I'm on Newsnight Review tonight...
....dscussing the cultural responses to global warming. It's at 11pm on BBC2. I'll post a link here so you can watch it online afterwards.
I weep. Almost.
Noam Chomsky talks about - and praises! - my work in this lecture at SOAS. I almost cried when I heard it. Reading Chomsky's work has been an essential part of helping me to figure out exactly why I was so horrifically wrong about Iraq, and how I should change my thinking. I owe him a hefty debt, so it's humbling to think I have helped to inform him about other situations in the world.
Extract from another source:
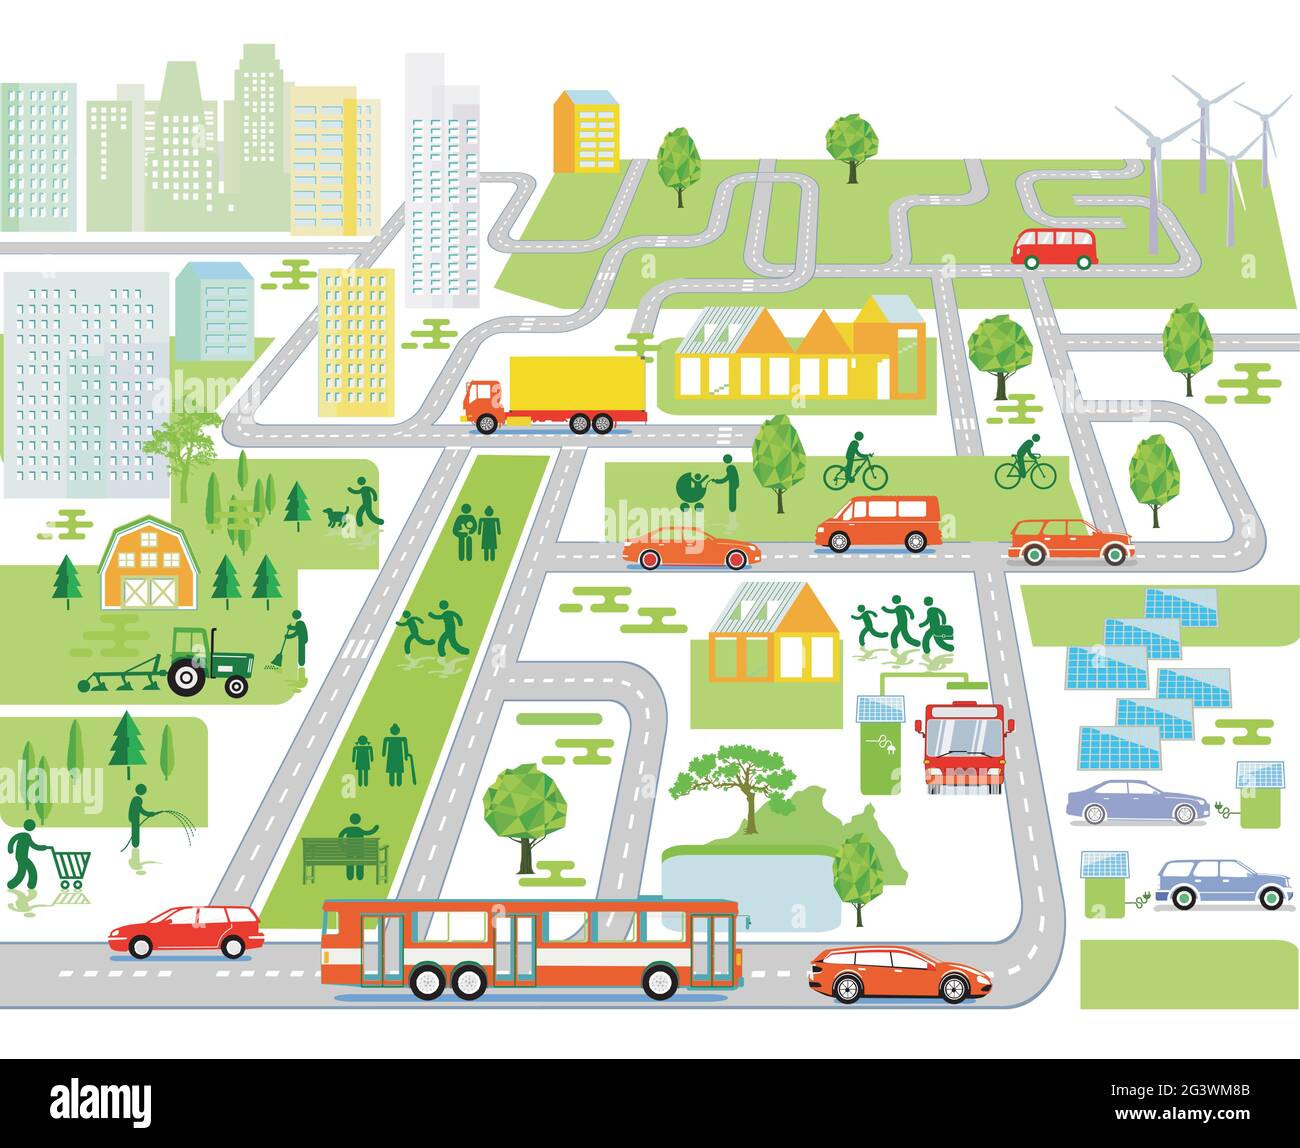 Streets with cars pedestrians and houses Stock Vector

Oh, and - for the completists - I was interviewed in this piece for the Washington Monthly, where I defend Britain's network of CCTV cameras to a lovely but bemused American who sees them as a sign of Orwellian terror.
I'm taking part in a debate at Brighton Pavillion this Wednesday the 11th...
...with my friends and colleagues Yasmin Alibhai-Brown, Steve Richards, and others, from 6.30pm to 9.30pm. To join us for free, email rsvp@independent.co.uk and ask for tickets.
Welcome to my shiny new website!
It turns out everyone hated my old purple website - you beasts! - so my lovely friends Matthew Bloch and Anna Powell-Smith have brought you this redesign.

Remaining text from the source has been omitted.